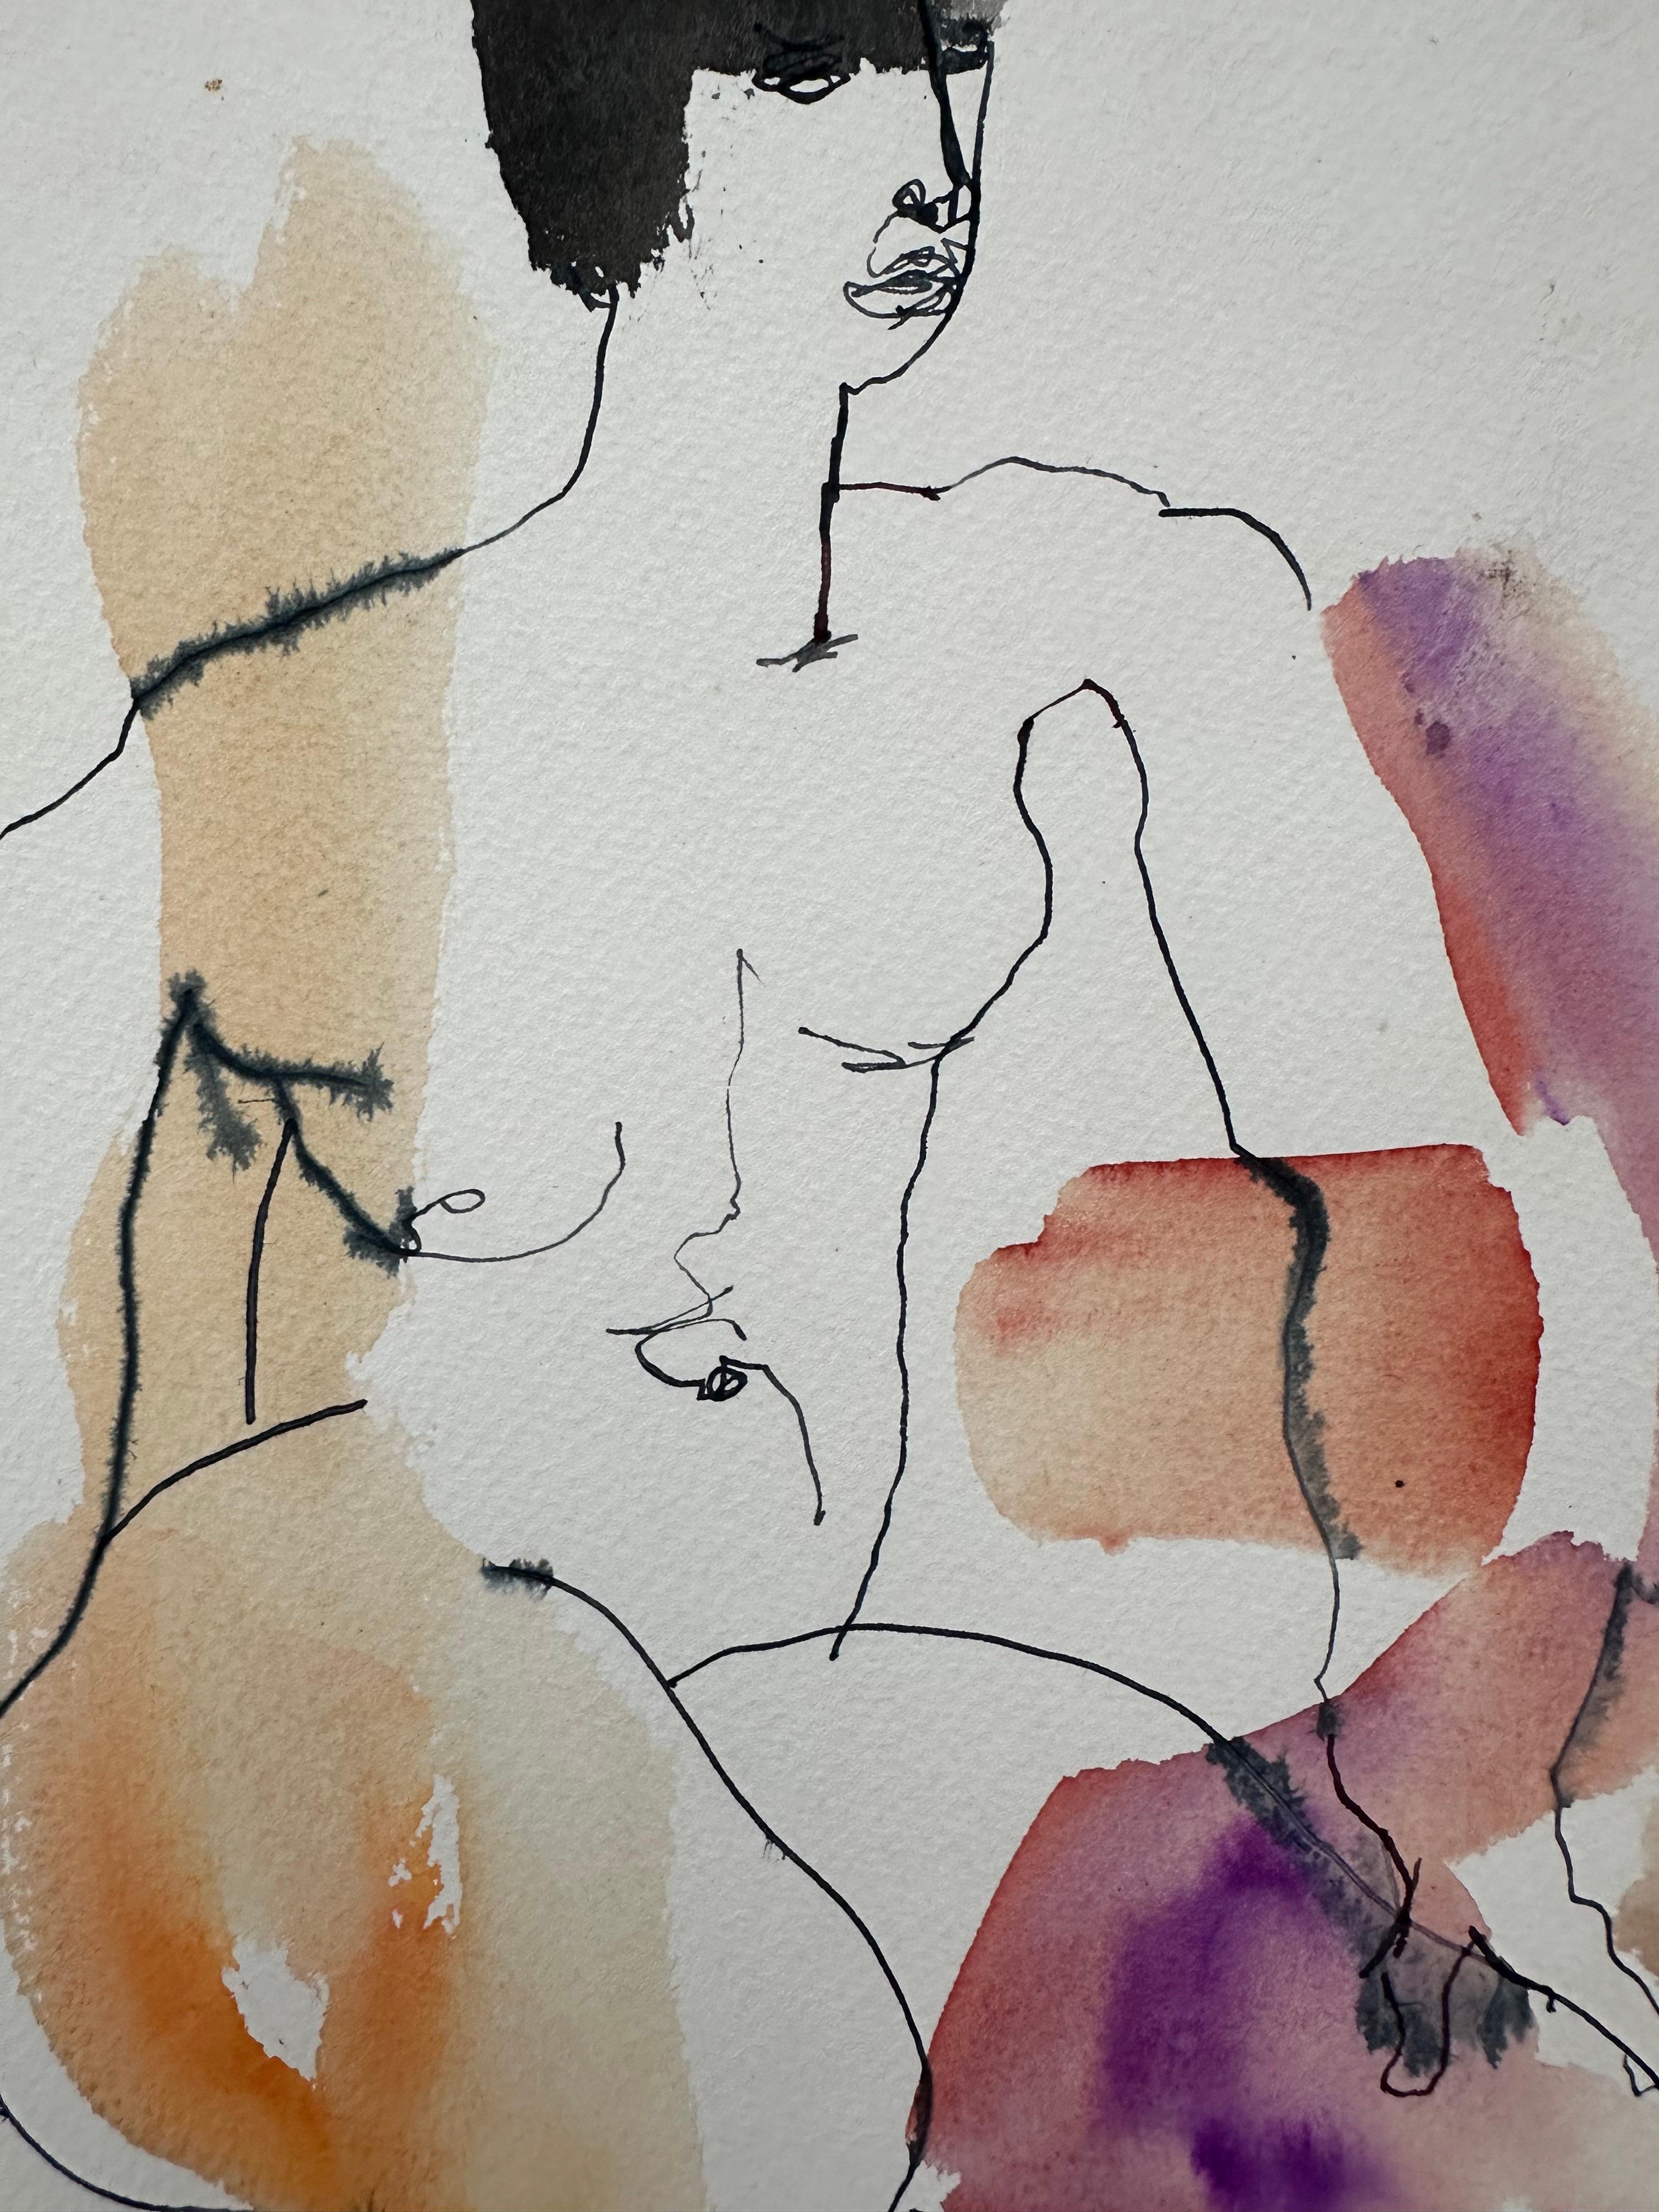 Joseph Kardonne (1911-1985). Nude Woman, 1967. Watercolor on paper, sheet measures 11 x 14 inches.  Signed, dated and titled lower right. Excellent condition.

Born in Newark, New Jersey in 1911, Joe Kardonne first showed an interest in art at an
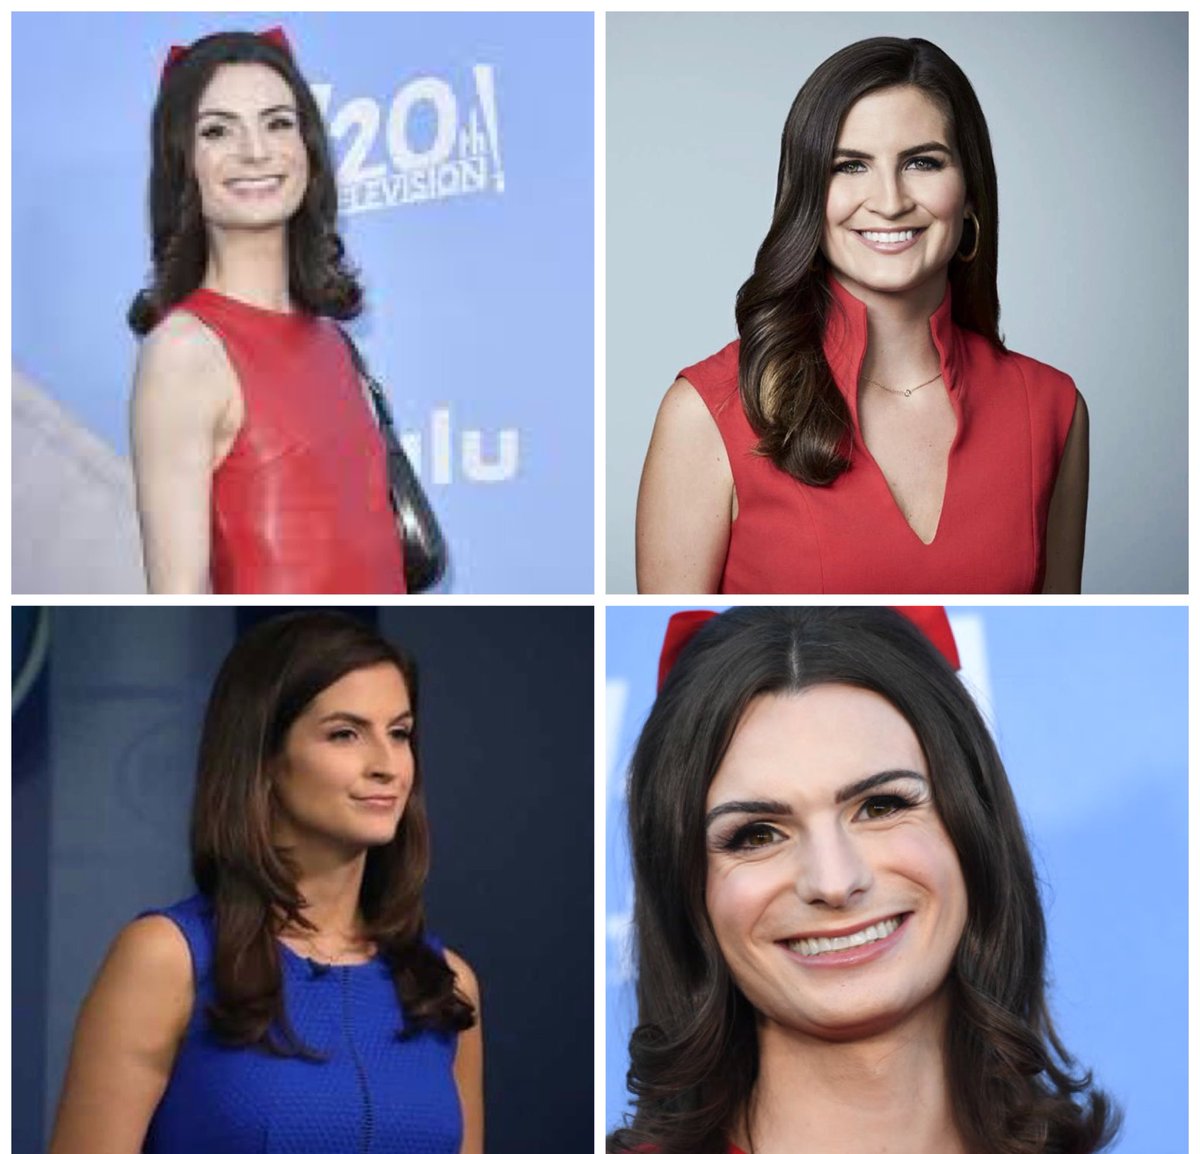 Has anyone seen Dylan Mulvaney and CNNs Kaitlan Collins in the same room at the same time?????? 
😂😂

INSTRUCTIONS FOR THE TASK
An exact copy of the whole listing is required, minus the pictures.

YOUR SOLUTION
 Joseph Kardonne (1911-1985). Nude Woman, 1967. Watercolor on paper, sheet measures 11 x 14 inches.  Signed, dated and titled lower right. Excellent condition.

Born in Newark, New Jersey in 1911, Joe Kardonne first showed an interest in art at an
 Has anyone seen Dylan Mulvaney and CNNs Kaitlan Collins in the same room at the same time?????? 
😂😂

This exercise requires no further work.